2013-02-24 05:47 AM
Hello, I am curious about other details around the WAFL than what is in http://www.netapp.com/us/library/white-papers/wp_3
Here is my first question
For example, I could not find, or could not understand how the 4kb WAFL blocks are written in a raid group made of more than 8 data disks. Let's say a DP rg made of 12 disks.
If all the data disks in an aggregate are used simultaneously when writing in a volume, and the commit from NVRAM sends a bunch of blocks at once, how are they written on the physical disk ?
About an aggregate containing 2 rg, one made of 12x1TB sata disks, and the other made of 12x2TB sata disks. With DP, I would have 10x1TB data disks and 12x2TB data disks.
I have this representation of a volume spread over all the data disks in an aggregate ... does this mean such a volume is assigned a capacity on the 2TB disks that is the double of what it receives from the 1TB disks ?

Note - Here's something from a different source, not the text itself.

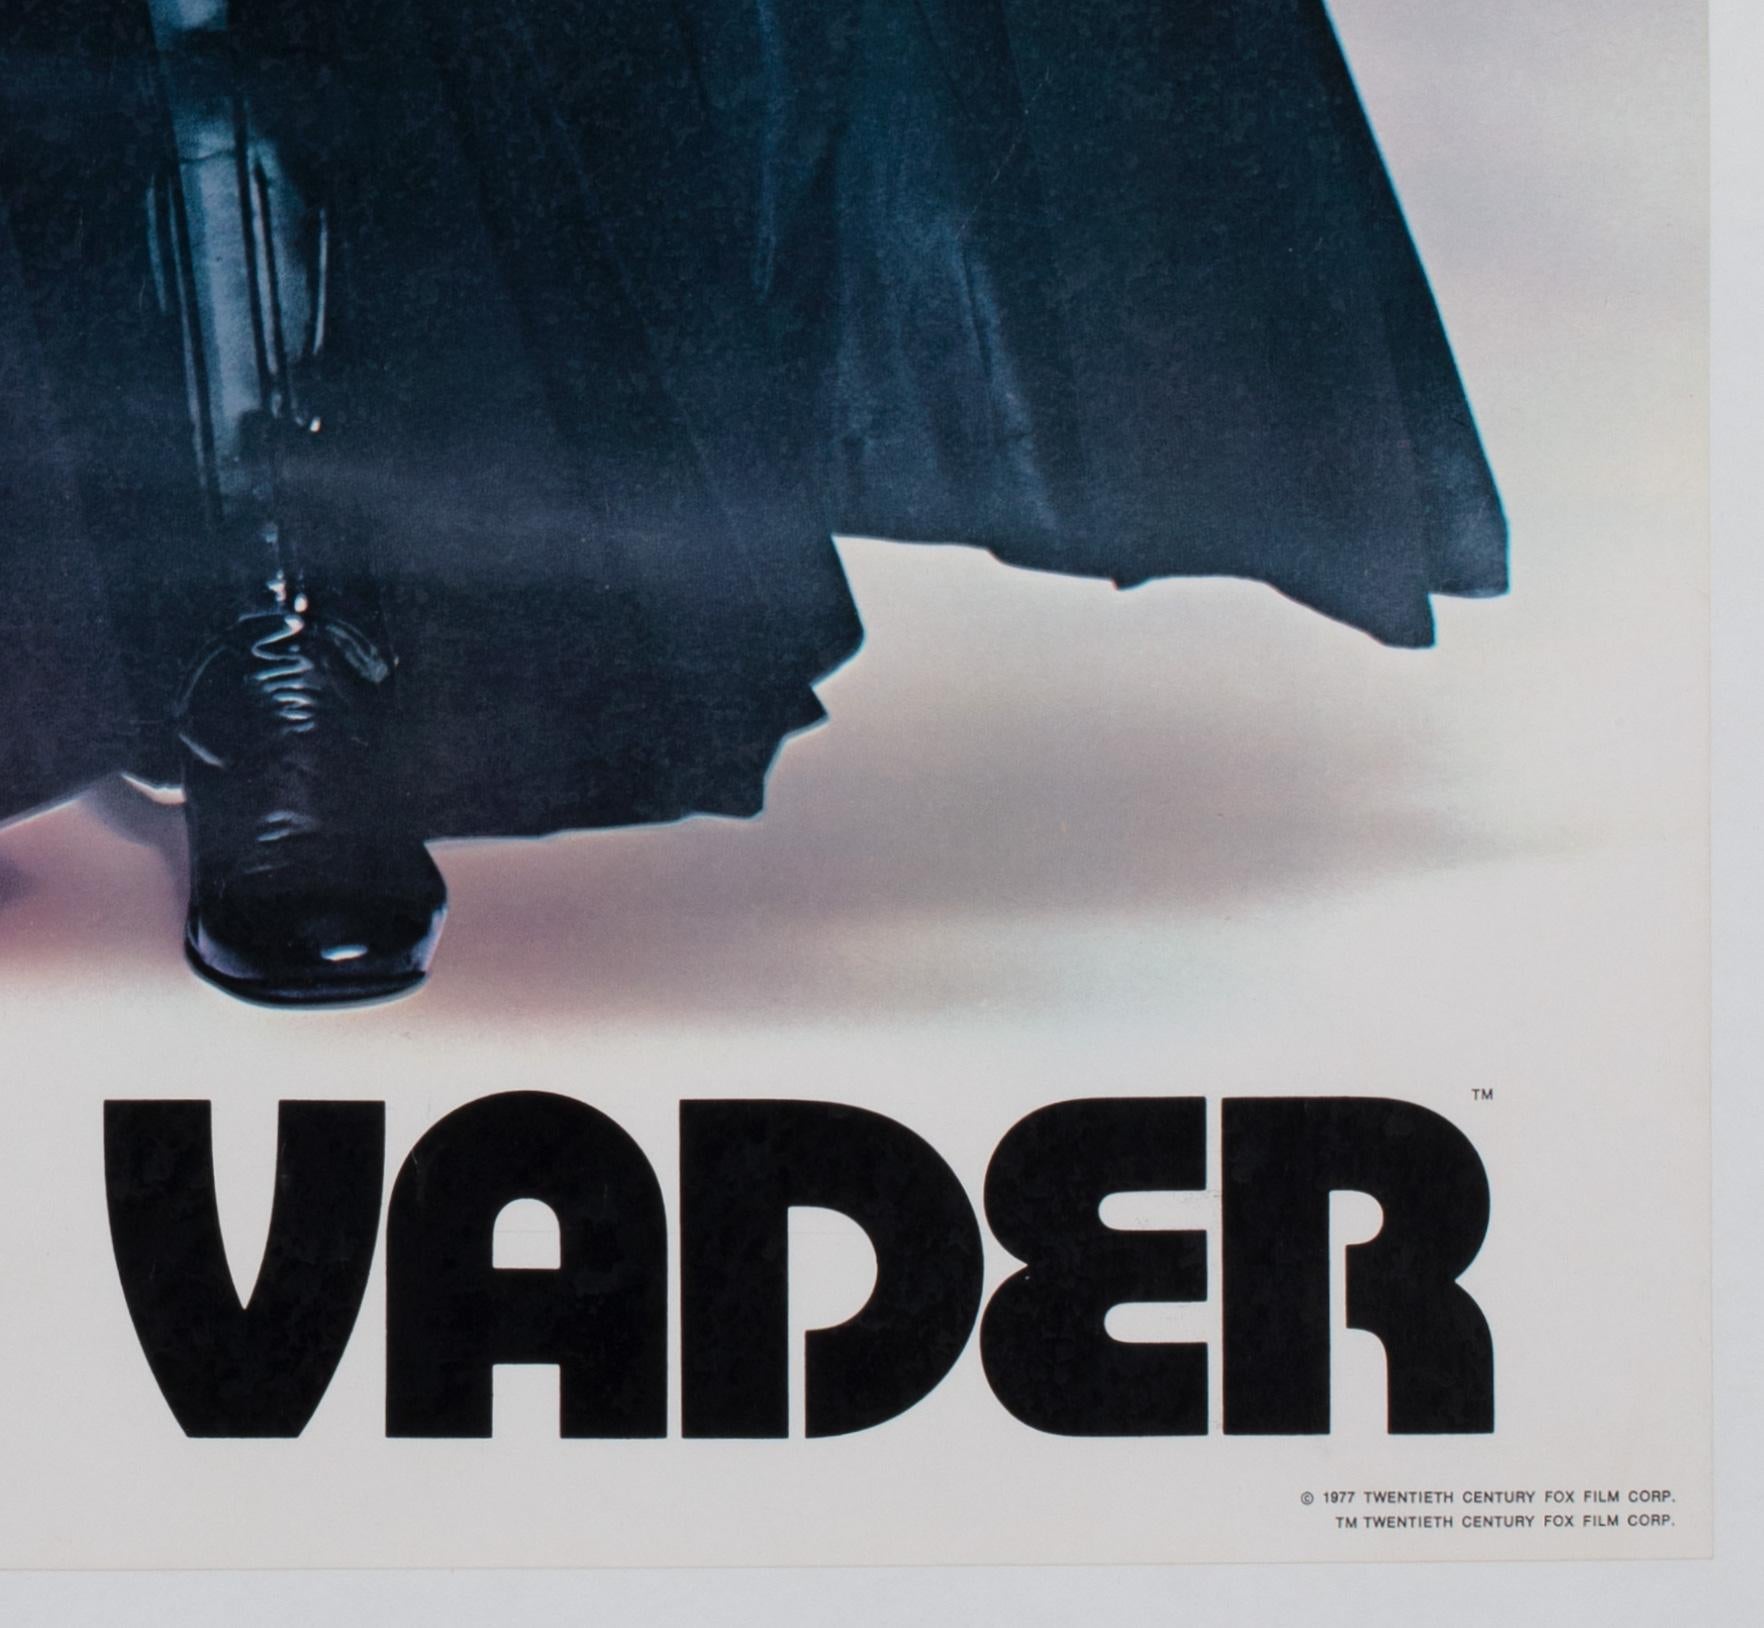 Star Wars Darth Vader 1977 Vintage Factor Inc Commercial Poster For Sale 2

With an analogy to a raid 0 in which the stripe unit size is the same for all the disks, you must use disks of same capacity in raid 0.
Here, with NetApp aggregate, I do have 2 raid groups ... so I'm ok with the stripe unit size in each rg (is it 4k ? is it 512b ?), but how is the additional capacity of the 2 TB disks used ?
Do the 2TB disks use a stripe unit size twice as big as the 1TB disks ?
Let's say this differently : when the flush comes from NVRAM, and the data is written to physical disks :
Thanks for the experts to englighten me.
2013-02-26 02:48 AM
I found answer to my first question here : http://www.netapp.com/us/system/pdf-reader.aspx?m=
But, Figure 3 seems to show a stripe is 4K large .... but the explanation that comes just after says it's the stripe unit ! Or even worse, the size of the block sent to disk :
Figure 3 shows how the storage appliance's RAID4 disk array is divided into stripes, each one of which
contains one 4 KB block on the parity disk along with one 4KB block from each of the data disks. It is
convenient to think of a disk block consisting of a very large number of bits, 32,768 bits. For each bit position
in the block, the bit on the parity disk is determined by the EXCLUSIVE-OR of the corresponding bits on the
2013-03-25 02:28 AM
Answer came from gurus.
4k is the block size that WAFL uses to write on each disk.
Flush comes when NVRAM is 50% full or every 10s.
Flush comes from RAM and not NVRAM, which is only used for journaling, in case of HA Failover or Metro cluster .
Flushed data and parity and double parity is then sent to the disks in the RG written sequentially, 4k on each disk, one after the other. Never mind the size of disks in distinct RGs.
With 14x1TB +4x2TB, 14 disks in the same RG, this is ugly, as the 2TB disks will act as 1TB, and 4TB of raw capacity is lost.
When there is 5 disks or more of 2TB ... 14x1TB + 5x2TB, in the same RG, WAFL will automatically reorganize the disks : A new RG-DP will be created with the 5x2TB, and data will be transfered and reorganized in the next days/weeks so this is transparent to users and admin. At the end, perf and capacity will be optimized.
2014-08-23 06:30 AM
How the stripe size was calculated ?
let say for example an aggr having multiple RG 's .whether the stripe size will be calculated across the RG'S or is it bound to Single RG?